Hieraan behoeft echter evenmin een gevolg voor de betrouwbaarheid van die data verbonden te worden, nu van enige manipulatie van die data voordat deze bij de Nederlandse politie is aanbeland niet is gebleken. De rechtbank neemt daarbij in ogenschouw dat met het verbreken van de verbinding tussen de servers en het internet, het verzegelen van de servers op het moment dat de Costa Ricaanse autoriteiten niet aanwezig waren en het verpakken en verzegelen van het gekopieerde materiaal, dat naar Nederland is gestuurd de kans dat die data toen zouden zijn gemanipuleerd uitermate klein kan worden geacht. Het dossier biedt hiervoor ook overigens geen begin van aannemelijkheid.

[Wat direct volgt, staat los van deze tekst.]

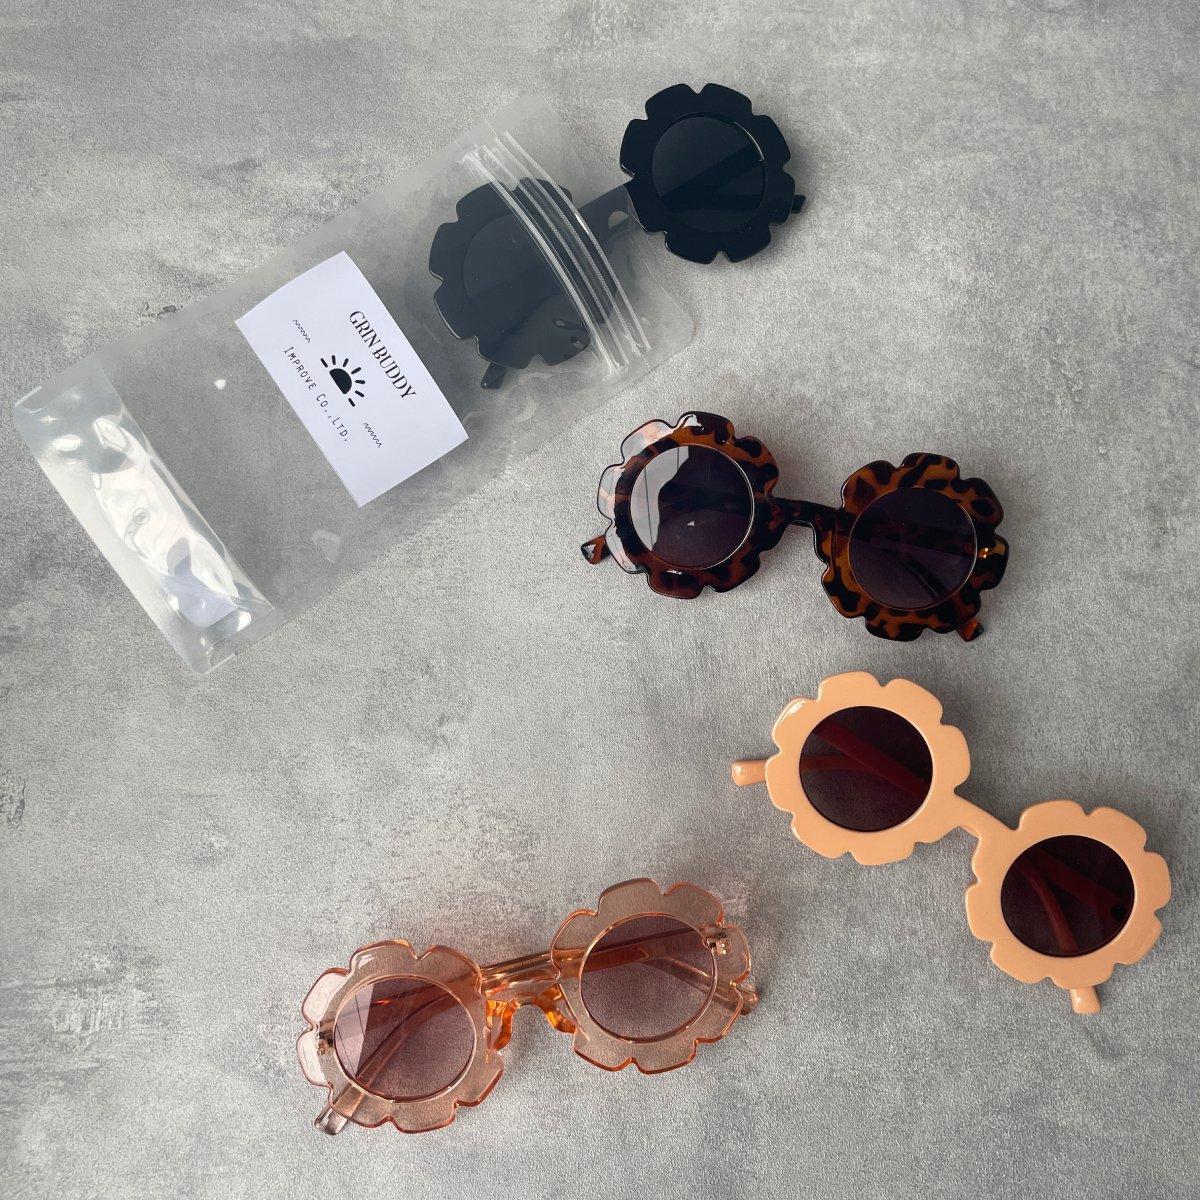 【KIDS】Kids Flower Sunglasses 詳細画像6
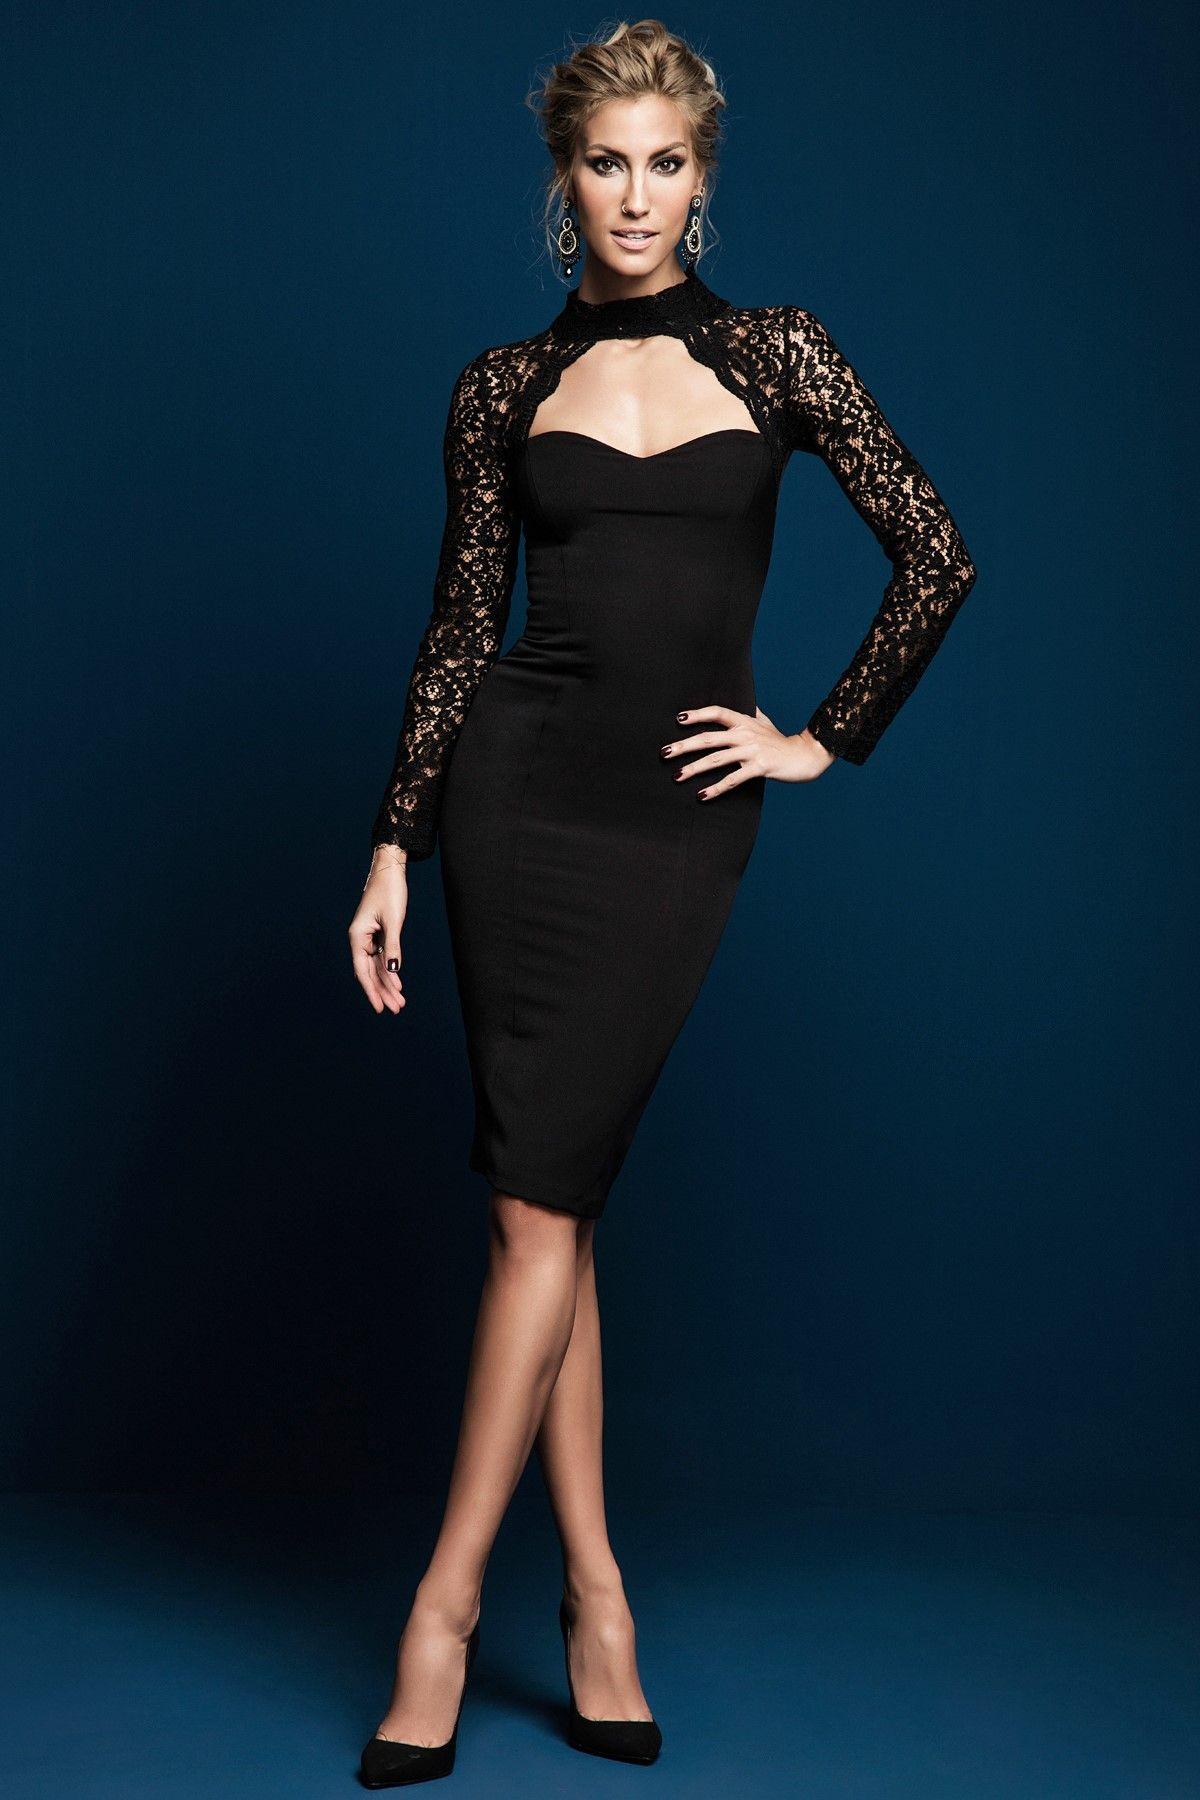 Dantel Kol Detayli Siyah Elbise Mlwaw16fz0165 Milla By Trendyol Trendyol Siyah Elbise Elbise The Dress

Na ontvangst van de harde schijven uit Costa Rica zijn de data volgens de regelen der kunst gekopieerd naar het onderzoeksnetwerk van de Nederlandse politie. Ook hierin ligt geen reden te veronderstellen dat de data niet op forensisch verantwoorde wijze zijn veiliggesteld en ligt hierin geen grond om de data voor het bewijs uit te moeten sluiten.

Tijdstempels

Het feit dat die verschillen zich kunnen voordoen is al in een eerder stadium door de deskundigen in de binder Ennetcom & PGPSafe onderkend. Echter, daaruit volgt nog niet dat de inhoud van het bericht daarmee onjuist is.

De verdediging heeft voorts gesteld dat de onbetrouwbaarheid van de PGPSafeberichten onder meer blijkt uit de verschillen die zich soms voordoen bij de vermelding van de tijdstippen van verzending en ontvangst die aan die berichten zijn gekoppeld in de lijn van de verzender en die van de ontvanger.

Deze verschillen in tijdstempels kunnen zich bij voorbeeld al voordoen wanneer men zich op dat moment in verschillende tijdzones bevindt, verschillende bestuurssystemen worden gehanteerd, waardoor een doorgestuurd bericht anders wordt getypeerd en/of met een ander tijdstempel (gemodificeerd, benaderd, gecreëerd) wordt opgeslagen op de server of het toestel of de tijdsinstellingen van het toestel zelf anders zijn ingesteld. Hoewel dit meebrengt dat het tijdstip van verzenden respectievelijk ontvangen van een bericht altijd een kritische blik vereist, kan hieruit niet zonder meer en niet zonder nadere specifieke toelichting de onbetrouwbaarheid van (de inhoud van) die berichten afgeleid worden.